RESOURCE ALLOCATION OPTIMIZATION IN IEEE 802.11AX FOR ENHANCED INDUSTRIAL INTERNET OF THINGS APPLICATIONS LEVERAGING DEEP REINFORCEMENT LEARNING
Abstract
The Internet Things (IoT) is set to multiply the number of connected gadgets
tremendously and the current Wireless Fidelity (Wi-Fi) technologies face huge
challenge of handling the immense flood of data. In contrast to earlier Wi-Fi
standards, the IEEE 802.11ax protocol achieves higher transmission rates, better
scalability, and improved coexistence, and has the added advantage of being lower
cost than 5G, which makes it even more relevant in Industrial IoT (IIoT) application
where multitudes of devices need to coexist in dynamic and challenging
environments. Such environments are distinguished by physical barriers, heavy
saturation of devices, electromagnetic static, and continual alterations in equipment
as well as layout. The conventional collision avoidance mechanisms deployed by the
IEEE 802.11ax networks encounter scalability challenges that affect the throughput
and high delays as the network adds more devices. The optimization of the resource
allocation of the Medium Access Control (MAC) layer parameters must address these
challenges to support the feature-rich IIoT environments and support the realization
of the requirements of heterogeneous industrial traffic and harsh factory environment.

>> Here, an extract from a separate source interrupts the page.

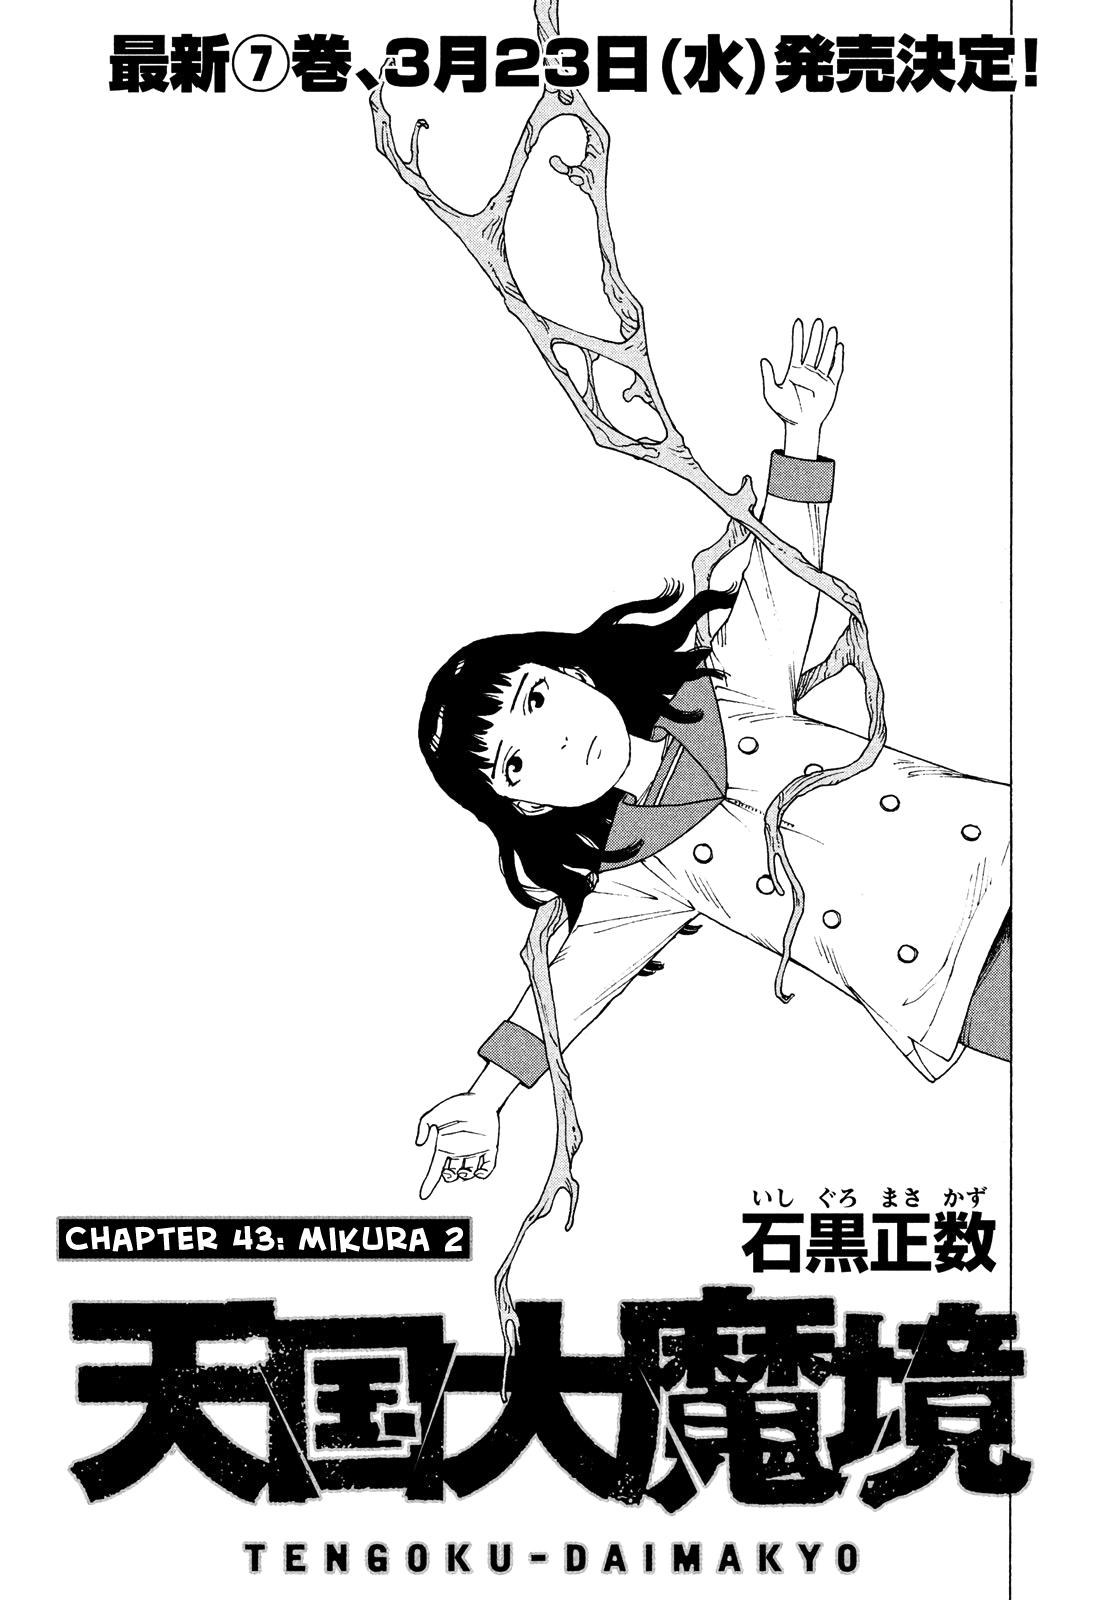 Read Tengoku Daimakyou Vol.8 Chapter 46: Sawatari Teruhiko - Manganelo

The present paper provides an optimization approach to IEEE 802.11ax systems in
order to improve their functionality in IIoT. As a strategy, it involved deep
reinforcement learning in order to identify the best parameter settings across different
network parameters. The network was trained with parameters, which simulated an
IIoT environment. The efficiency of the offered mechanism was tested with the help
of MATLAB mass simulations that simulated and interpreted the behaviour of the
802.11ax network in industrial environments. The findings were that throughput on
optimized network was significantly higher than unoptimised network, packet
retransmission rate was lower in optimised network, and latency been lower on
optimised network. Peak throughput went up by 53.07 percent to 2150 Mbps, whereas
average throughput went up 39 percent. The greatest packet loss ratio reduced by
29.2% or 32.5 to 23, and the overall average packet loss was reduced by 19.7 percent.
Latency also improved significantly with 5 nodes experiencing latency beyond 0.1
second narrowing to just 1 node. The results indicated that the suggested optimization
approach to 802.11ax systems could improve the performance by a fair margin in IIoT
setups and make them robust enough to support industrial operations.